Today I couldn't help but post the Borden Vintage Ad for Chocolate Milk (Chocolate Drink) that could be served both hot and cold, but it's nothing like the following recipe for Nicaraguan Chocolate Milk!
Want to try something different? This is Myriam Paiz's recipe for Nicaraguan Chocolate Milk that appeared in the April 1994 issue of Sunset. Rice gives the drink body and that with freshly roasted cocoa beans-- chocolate in a more elemental form--adds a fresh, complex flavor. Add to that some cinnamon, and there's a subtle spiciness.
Nicaraguan Chocolate Milk (Orchata de cacao)
1 1/2 cups long-grain white rice
2 cups (about 2/3 lb.) cocoa beans
4 cups water
3 cinnamon sticks (each about 3 in.), broken into 1-inch pieces
8 cups whole, low-fat, or nonfat milk
1 1/2 tablespoons vanilla
1 cup sugar
1. Place rice in a bowl, cover with cool water, and let stand to soften somewhat, to 24 hours; drain.
2. Place beans in a 9-inch metal baking dish.
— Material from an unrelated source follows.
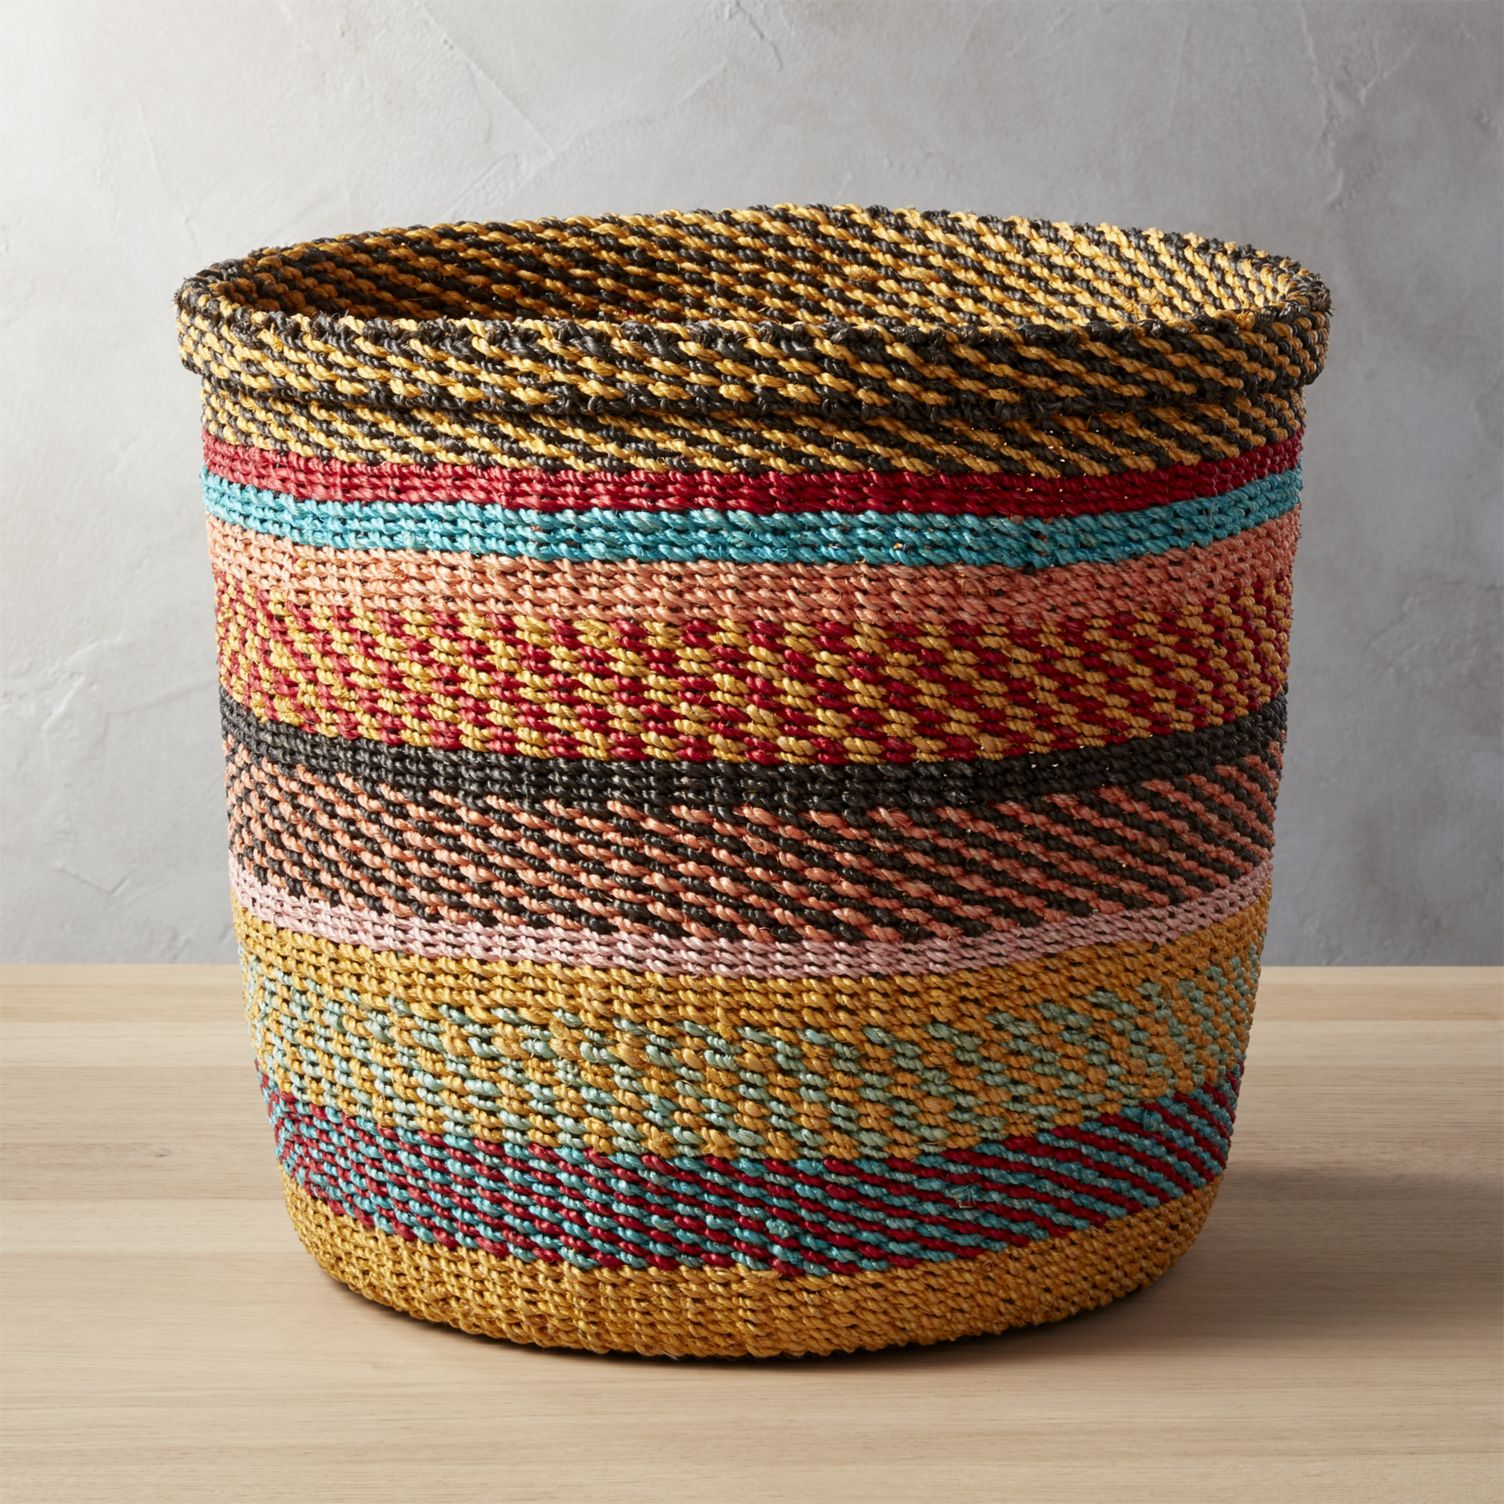 Multi-colored-woven-basket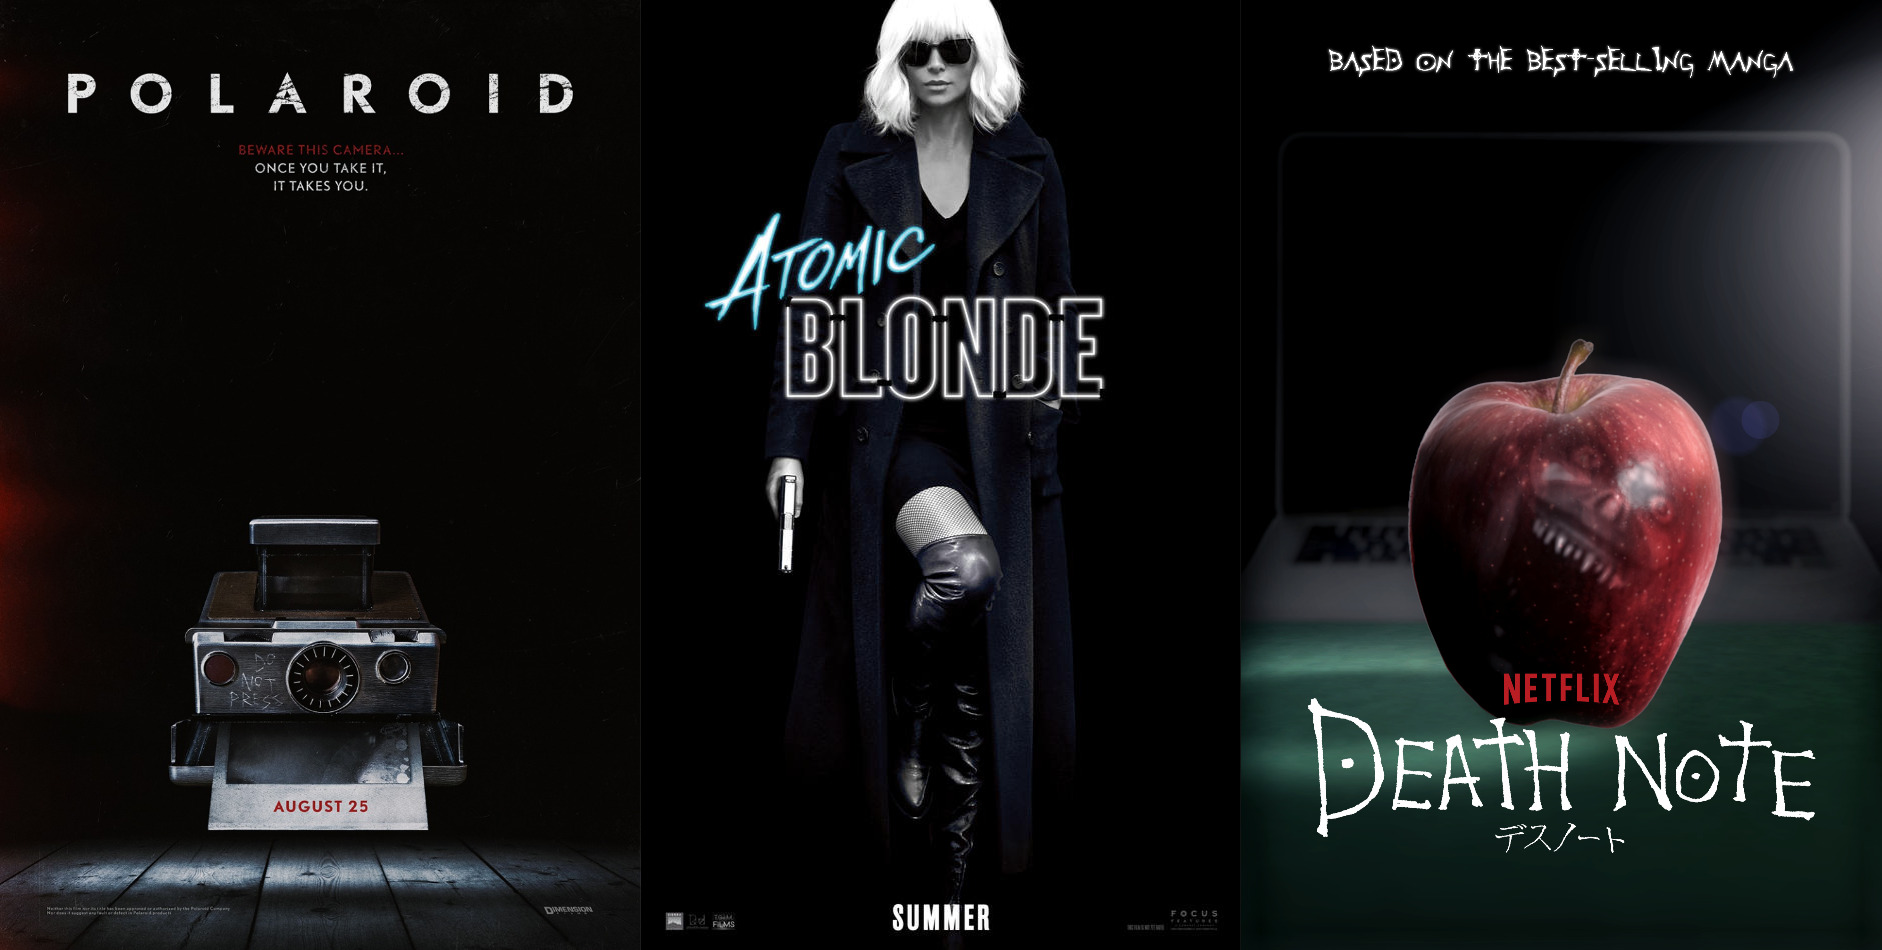 Trailer-Watchin' Wednesday - Death Note, Polaroid, Atomic Blonde, T2 3D

Bake in 500 degree oven 5 minutes. Shake beans. Continue to bake until beans smoke and some skins have split, 5 to 8 minutes longer.
3. In a blender, place half the rice, cocoa beans, water, and cinnamon. Whirl until ingredients are very finely pureed.
4. Place a large, fine strainer over a bowl; pour cocoa mixture into strainer and stir to extract liquid. Discard residue. Repeat with remaining rice, cocoa, water, and cinnamon.
5. Rinse strainer, then line with a double thickness of damp cheesecloth. Pour cocoa liquid through strainer into a bowl, stirring to extract all liquid; discard residue.
6. To cocoa liquid, add milk, vanilla, and sugar; stir until sugar dissolves. Serve plain or over ice. If making ahead, chill, covered, up to 3 days. Stir to serve Makes about 10 1/2 cups, 10 servings.